Data can show that the process behaves differently from the model. But people close to the operation must explain whether that difference should be eliminated, governed, redesigned, or formally incorporated into the standard process.
BPM becomes stronger when process evidence is combined with shopfloor understanding.
The objective is not to force reality back into the diagram. The objective is to understand why reality moved away from the diagram in the first place.
From Workflow Automation to Decision Discipline
Many organizations respond to process gaps by automating workflows.
Automation can help, but automation without decision clarity can scale confusion.
If approval logic is weak, automation makes weak approvals faster.
If ownership is unclear, automation routes tasks without resolving accountability.
If exception rules are missing, automation creates more manual bypasses.
If data quality is poor, automation gives the appearance of control while people continue to validate everything outside the system.
Before automating a process, leaders should ask a more fundamental question:
What decisions does this process need to make well?
A robust industrial process should define not only activities, but also decision points:
What condition triggers action?
Who owns the decision?
What information is required?
Which system is the source of truth?
What exceptions are allowed?
When must the issue be escalated?
How is the decision recorded?
How does the organization learn from repeated cases?
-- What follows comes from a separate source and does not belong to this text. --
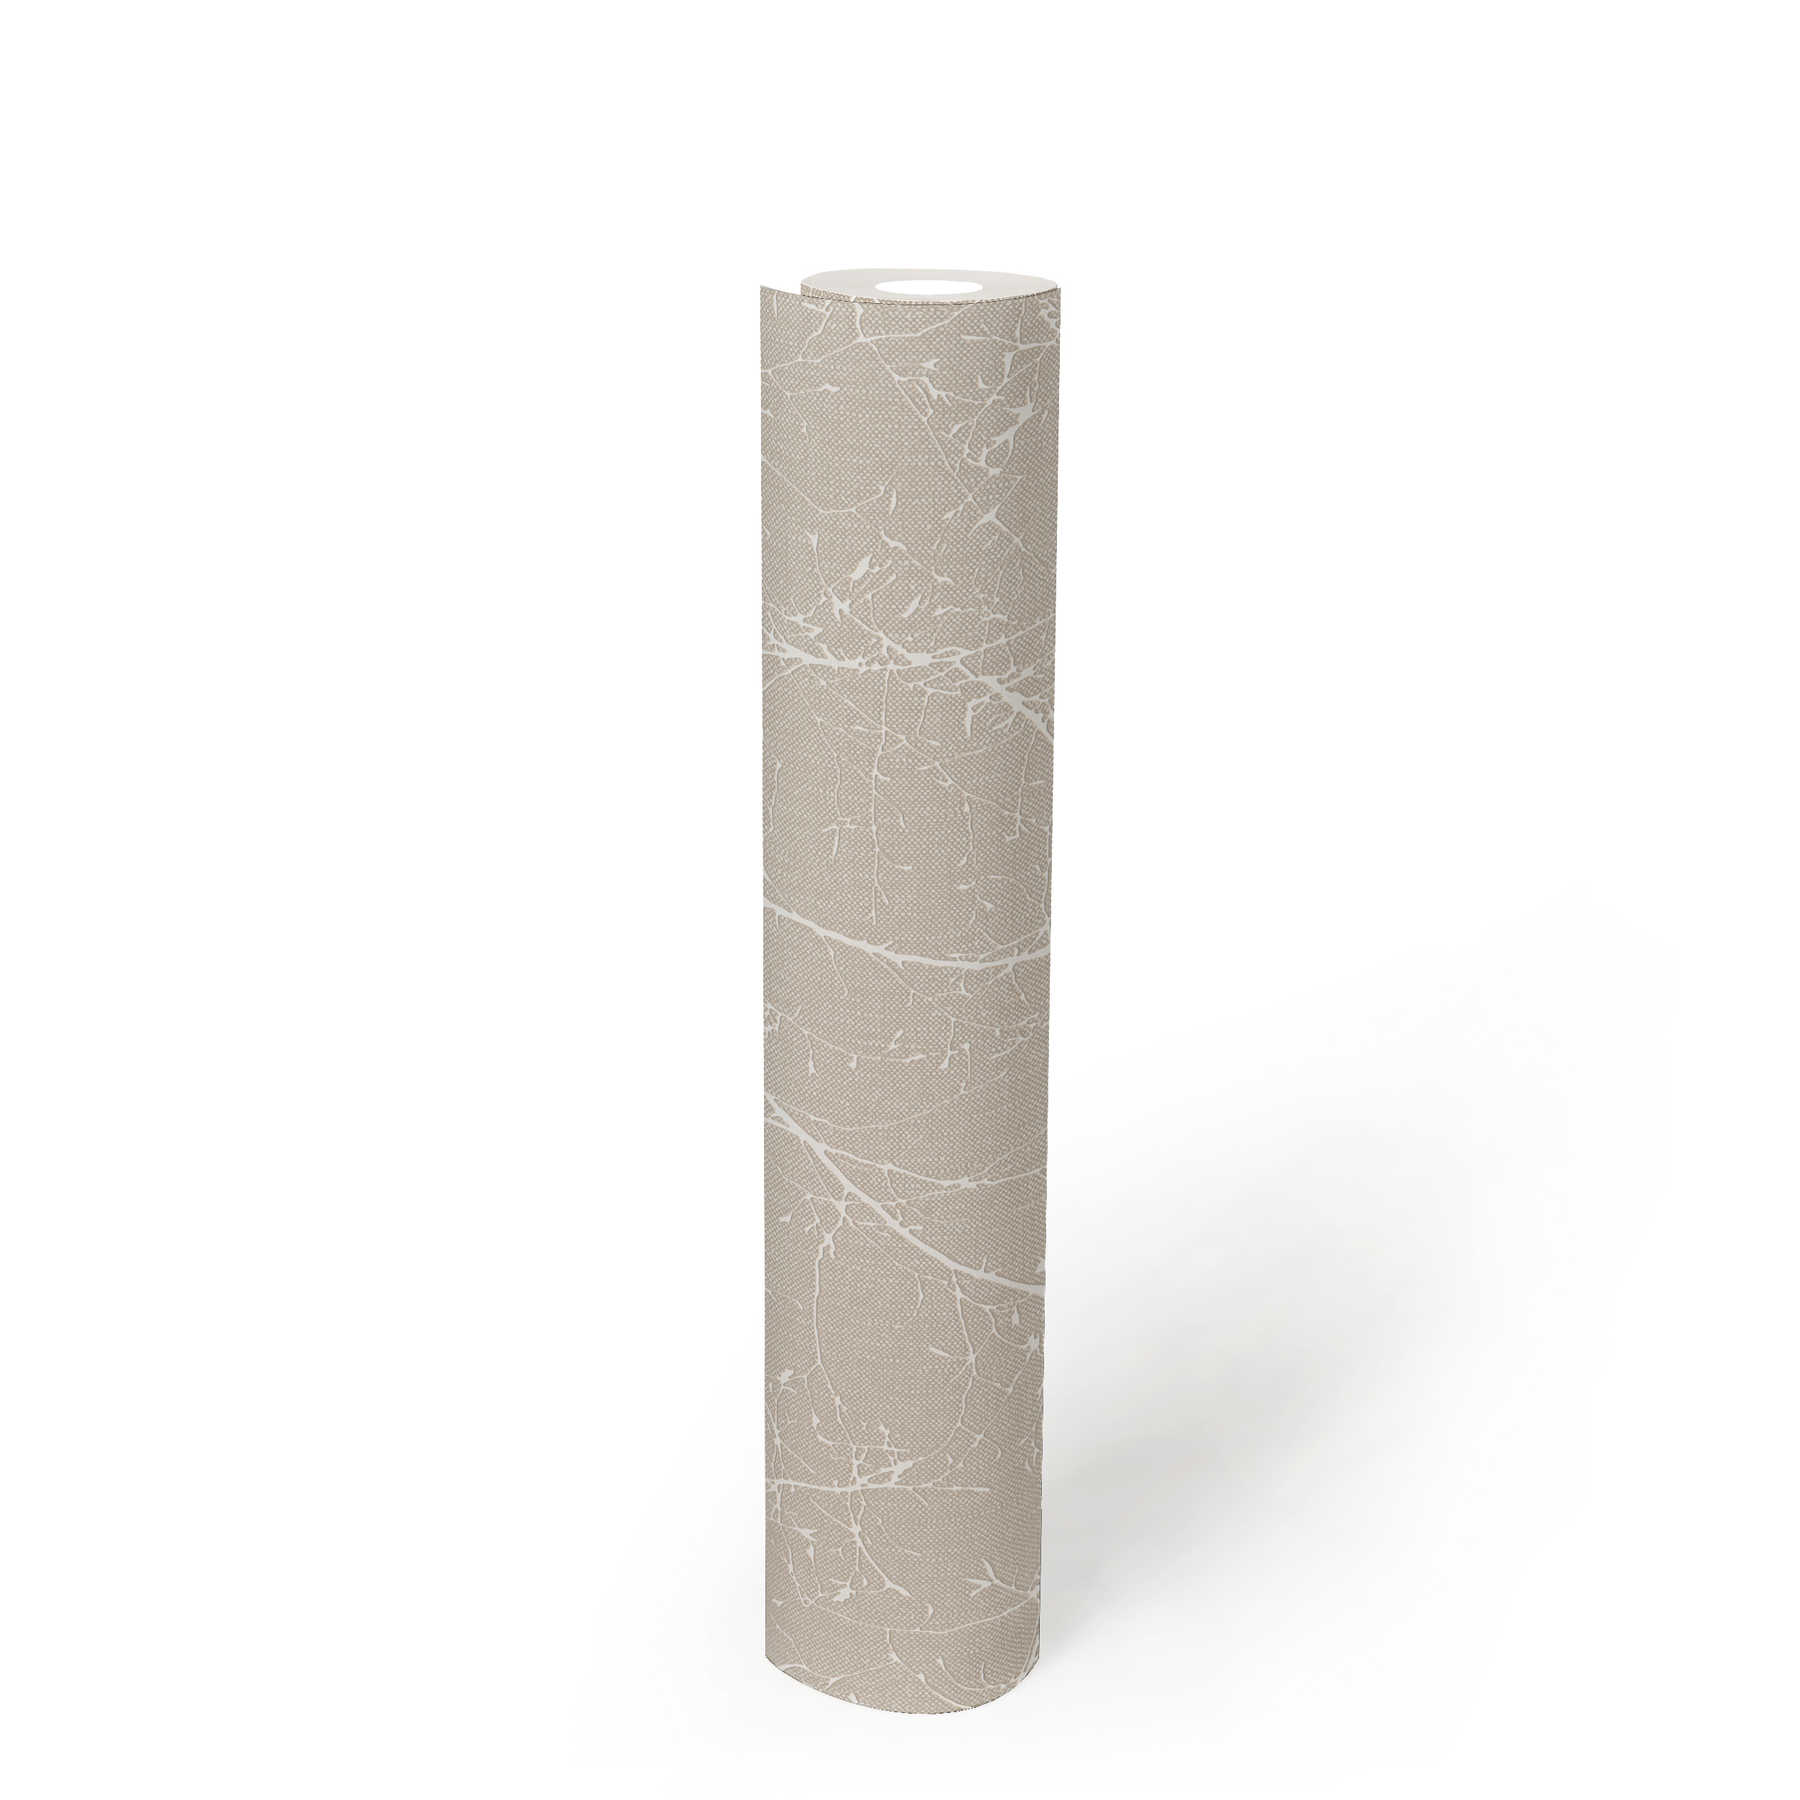             Vliestapete mit Leinenoptik und natürlichem Motiv aus Blüten und Zweigen – Beige, Weiß

This is where BPM becomes operationally relevant. It stops being a documentation exercise and becomes a mechanism for decision discipline.
MES, CMMS, ERP, QMS, and BPM Must Meet in the Same Reality
In factories, operational decisions often cross system boundaries.
ERP may manage orders, inventory, and financial commitments.
MES may manage execution, production evidence, traceability, and operational events.
CMMS or EAM may manage maintenance work, asset history, and interventions.
QMS may manage deviations, nonconformities, and corrective actions.
BI may show performance indicators.
But the operational decision does not care about system boundaries.
When a machine fails, the decision may require production status from MES, asset history from CMMS, spare part availability from ERP, quality risk from QMS, and customer priority from planning.
If BPM is disconnected from this architecture, process ownership becomes fragmented. Each system may be correct within its own logic, while the operation still lacks a coherent decision view.
This is why BPM in industrial environments cannot be treated as a documentation layer. It must be connected to systems architecture, data governance, operational accountability, and the real cadence of decision-making.
The process is not only what the procedure says. It is how people, systems, data, and accountability come together when something needs to be decided.
The Senior BPM Question
A useful way to test process maturity is not to ask:
Do we have this process mapped?
A better question is:
Can this process help people make better decisions when reality does not follow the map?
If the answer is no, the BPM work is incomplete.
The future of BPM in operations is not more diagrams. It is stronger operational decision discipline.
That means processes clear enough to guide standard work, flexible enough to manage exceptions, connected enough to use real data, and governed enough to protect accountability.
A process map can be a useful starting point. But the real value begins when the organization designs the decisions behind the process.
The mature organization is not the one with the most complete diagrams. It is the one whose processes remain useful when conditions change, priorities conflict, and decisions must be made under pressure.